Lesson Plan

IMOS Home Student Center TallTech Home
 

October 12, 1999

Details

Title

Information Resources on the Web
Compressing files with WinZip
File Types

Time Allotment

3 hrs

Reading / References

Read chapter 5 from Internet Comprehensive
Additional references/information (from book source) can be found at 
    http://www.course.com/downloads/NewPerspectives/internet/cmp/t05.html

References on TallTech WWW

    Common Internet File Formats (HTM) - fairly complete list of formats out there

Documents on TallTech FTP 

Please note: Some documents are a little dated, but conceptually the same.

Objectives

Coursework / Lab Work

Home Work

Demo

Information Resources

WINZIP

Supplemental Information

Text vs. Binary

With text files, most text editors can be used to access the file.

With binary files, programs specifically used to read the binary must be used.

Binary files can take the form of compressed files, executable files, sound files, graphic files, word processing documents, spreadsheets, etc.

File Compression

Large files, which may be graphics, audio, video or text information, often take several minutes to transfer or download over the Internet. To make more efficient use of space and to speed things up, most large files are compressed. This can often cut download or transfer time by as much as half.

How does compression work? Compression software uses complex mathematical equations to scan a file for repeating patterns in the data. It replaces the repeating data with smaller codes that take up fewer bytes. For example, one way compression software works is to replace repeating text characters with a code and notes the code's positions in the document.

Compression is used to reduce the amount of space required to store information, and to reduce the amount of time required to download data. There are two types of compression: "lossy" and "lossless." Lossy compression is usually very high data reduction, but loses some of the data quality upon de-compression by the receiving computer. Lossless compression uses very careful mathematical rules (called "algorithms") to reorganize the data so that it can be accurately de-compressed. 

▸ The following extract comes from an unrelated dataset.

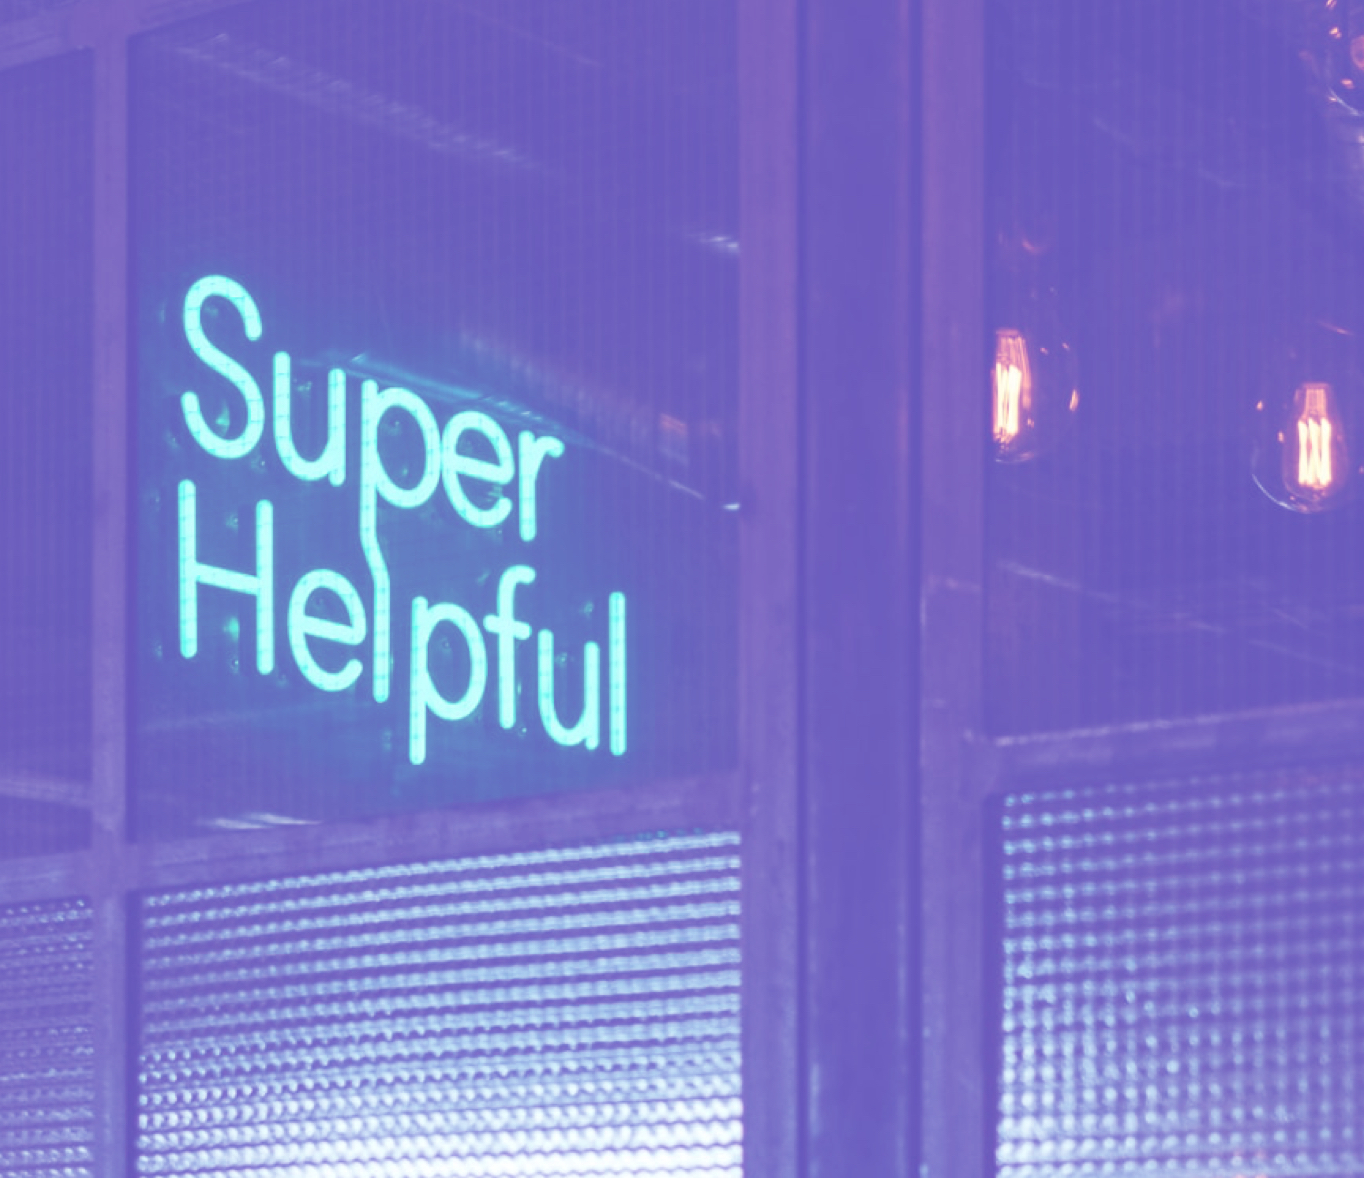 Blue neon letters reading "Super helpful"

There are a number of common compression types used for different data types:

JPEG

The Joint Photographic Experts Group standard is used to compress still images. Known limitations of the human eye, that color details are less important than contrast (light-dark) and let those details be compressed to a greater degree. JPEG is best for photos with subtle shading.

GIF

General Image Format, created by CompuServe to store images, reduces color bit depth to 8 bits (256 colors). GIF is best for line art or simple "cartoon" images.

Archives

These programs take several input files (even entire data directories), compress them and produces a single archive file. Examples are ARC, ARJ, LHA, ZIP, ZOO.

LZW

Based on the work of pioneers Lempel, Ziv, and Welch at Unisys. (see http://www.cis.ohio-state.edu/hypertext/faq/usenet/compression-faq/ for details on the patents). A variation of LZW is used in the V.42bis modem standard for data transmission.

MPEG

Moving Picture Experts Group standards for video, not only compresses each frame, but also predicts frame-to-frame images by ignoring redundant non-changing pixels, and storing only variations between frames

Archives

ZIP Files PKZIP / WinZip
Compressed Files (.Z) Unix Compressed File
TAR Files Unix program takes separate files and makes one file.
LZH Files LHA Archive

There are three main types of compression used on Unix systems: zip, compress, tar.

Take the  example (filename.tar.Z) you would need to undo the compression from left to right. The '.Z' indicates compress via 'compress', you'd enter 'uncompress filename.tar.Z' to undo it. You should be left with 'filename.tar'. The '.tar' indicates the use of 'tar' (Unixesse for Tape ARchive). To undo this enter 'tar -xf filename.tar'. 'tar' is typically used to bundle a series of files so undoing '.tar' will likely result in the creation of a bunch of files.

The zip compression is indicated by a '.zip' extension, undone with 'unzip'. A closely related, in fact compatible, command is 'pkzip'. This is a public domain version found frequently on IBM and compatible platforms.